He says that the impact of the coronavirus cannot be explained without taking into account the damage produced in the three decades prior to neoliberalism. One of these damages would be the health system, and one of its knots is that of the health systems that have developed.
Neoliberalism has put profit and capital accumulation at the centre of all nations and continents, and that has dominated everything: health, education, housing ... Costs that can be avoided and should be minimised to the maximum. Public health services around the world have been dismantled and privatized, with one exception, such as that of Cuba. A strong neoliberal policy of three decades that has dismantled welfare states.
In one of his writings, he indicated some relevant data on the European Union: In 2006 there were 574 hospital beds per 100,000 inhabitants and in 2017 it fell to 504, a decrease of 12%, although the World Health Organization (WHO) recommends at least 800 beds.
Germany is the only EU country to maintain reasonable health standards. By chance, it is the only country where there are a limited number of deaths, even though there are many people infected. Germany has 25,000 ICU beds; Italy, with a similar population, 5,000. In the case of Madrid, one of the main outbreaks in the Spanish State, trade unions and health professionals have denounced that the basic health system has been abandoned. And that has been invested in equipment and high-grade analysis, less necessary, but economically profitable. It's terrible, a suicidal neoliberal policy.
How does Cuba, a poor country, send so many doctors? How does China, a country with a much lower per capita income than the EU, send aid and masks? It is not a question of there being no respirators in the EU countries, as it can technically be somewhat more complex. There's no mask. It's the delusion that this model has brought us.
Saturated health systems, confined population, but every effort is made to keep factories running.
I have followed quite a few things from Italy. There, Cofindustria, the employer of the industry, has imposed itself on the government to keep the factories open in Lombardy. It is mind-blowing, many of these workers have very close contacts on the way to their work, have no face masks or gloves at work, minimal protection elements. In the area of Italy, where large deaths of people are being recorded. China closed the plant in the province of the outbreak and these types continue to accumulate capital in the midst of the pandemic. That's neoliberalism, it doesn't matter to send thousands of workers to death so the industry doesn't stop.
To stop it, you need deep-seated unions or purge unions themselves. In Italy there was what is called a savage strike, because part of the trade unionism, as is the case everywhere, is more in favour of employers than of workers. Neoliberalism has bought or leased some of the workers' addresses.
Another of the damage you mentioned is environmental damage. It says that natural and environmental conditions have been created so that viruses can spread faster and more deadly than ever before.
The destruction of nature has made a leap in these three decades.
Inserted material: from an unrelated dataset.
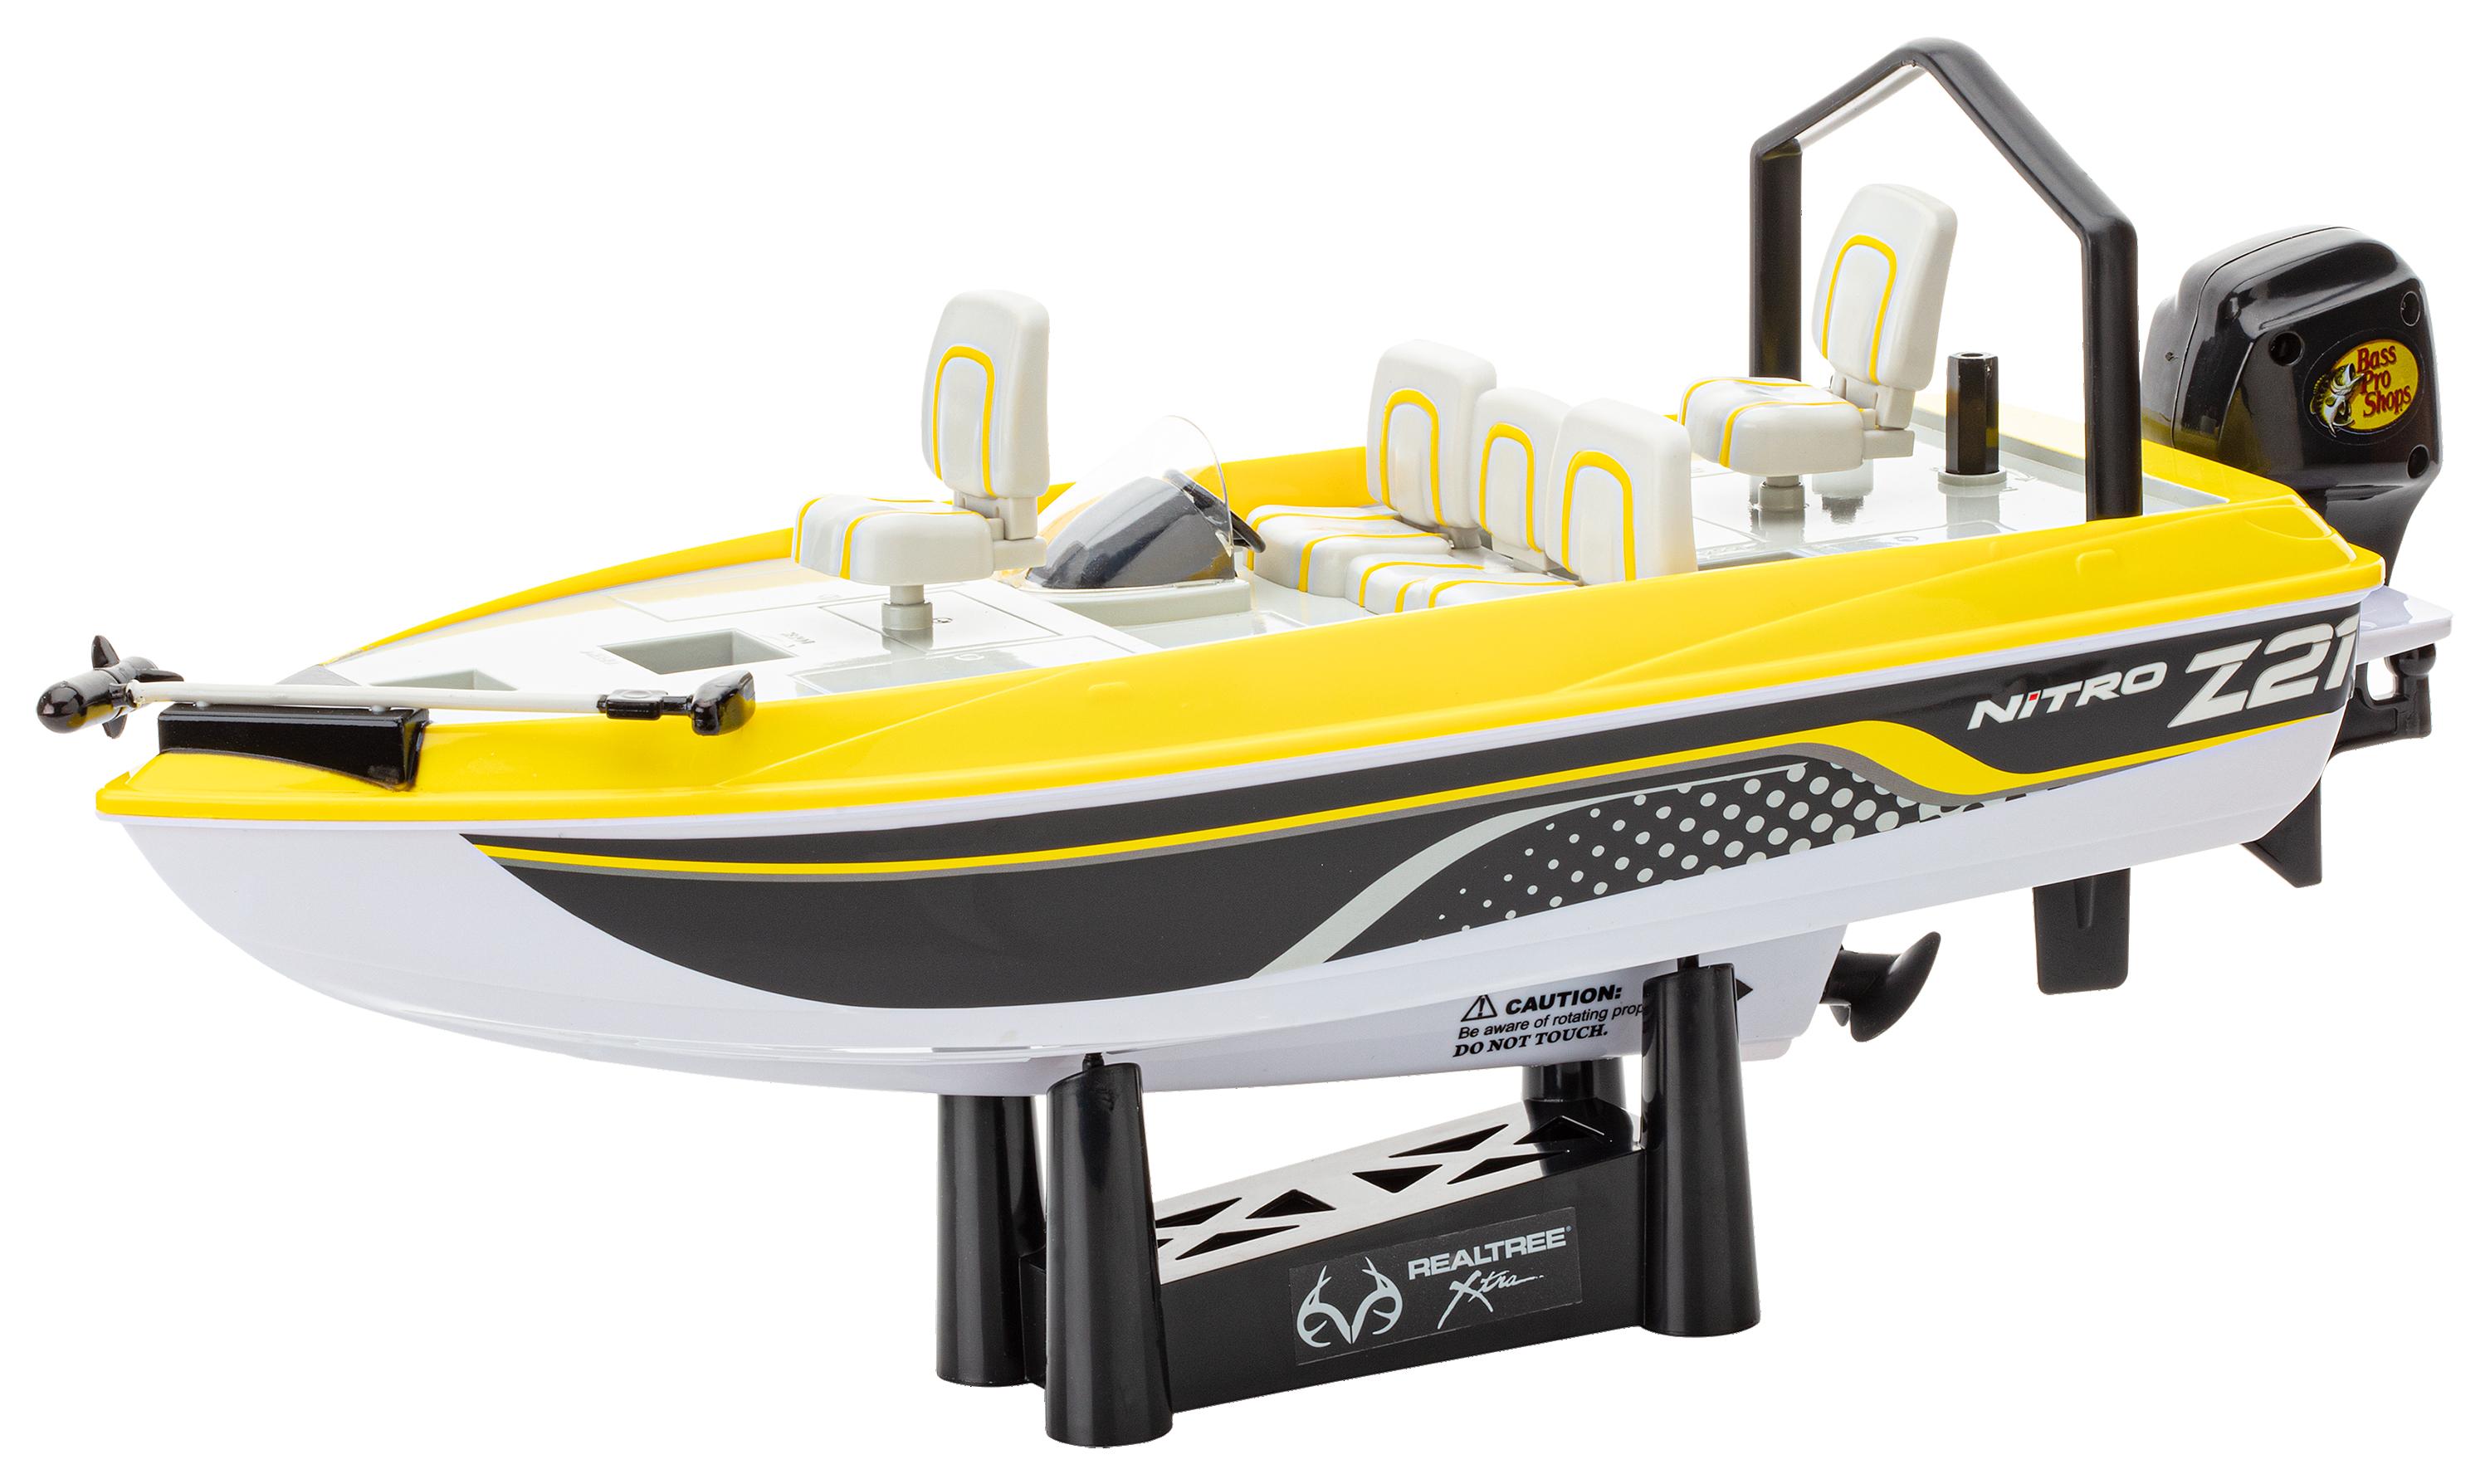 Rc Fishing Surfer Boat: Enhance Your Fishing Experience with RC Fishing Surfer Boat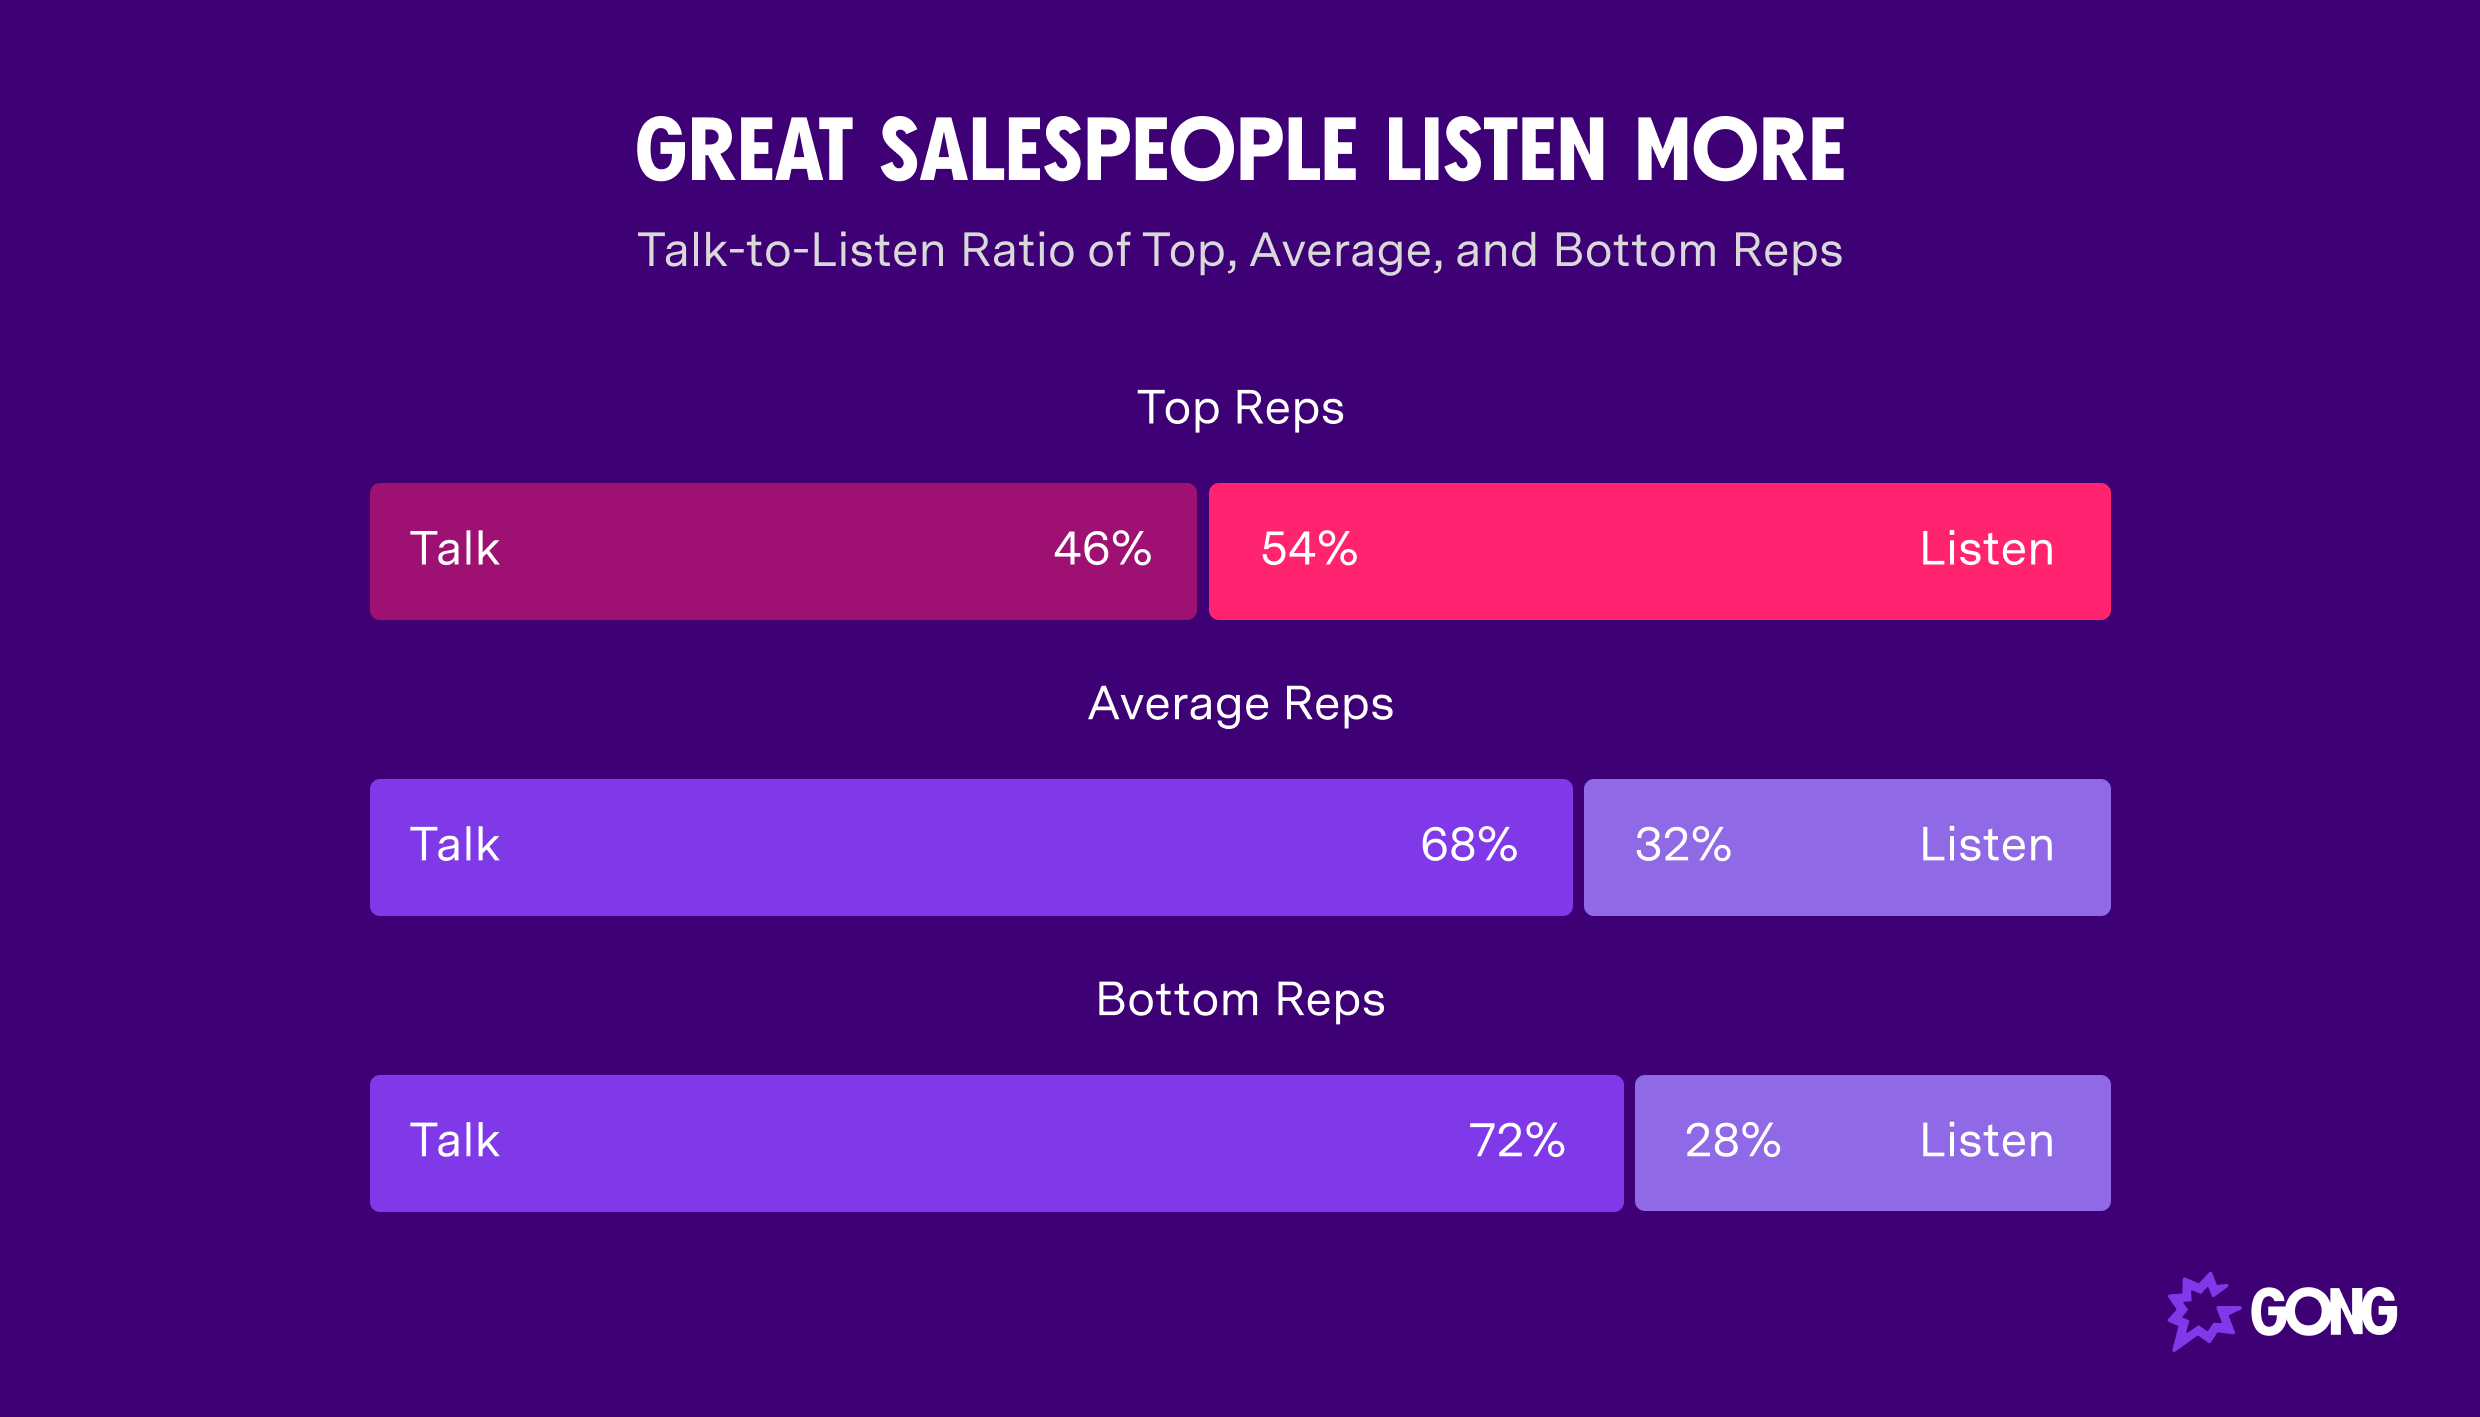 Top-performing sales reps listen more

The animal habitat is very deteriorated. And these species, both mammals and insects, have gotten much closer to cities. Zoomosis between these species and humans has been the trigger factor for pandemics. I'm not saying that, I'm not saying that, I'm telling you rigorous scientific research.
In addition, these are populations with health problems due to contamination, mainly pulmonary and respiratory. If you pass the map of contamination and coronavirus disease in Italy, you agree. That is, the virus does not reach a healthy, non-contaminated, well-nourished and cared for population...
This crisis is being tackled in different ways in different parts of the globe. You often follow China’s social and political reality. What can we learn from the Chinese model?
"In China, they've done something very Chinese: they've locked everyone in and they've done strong population control over the Internet."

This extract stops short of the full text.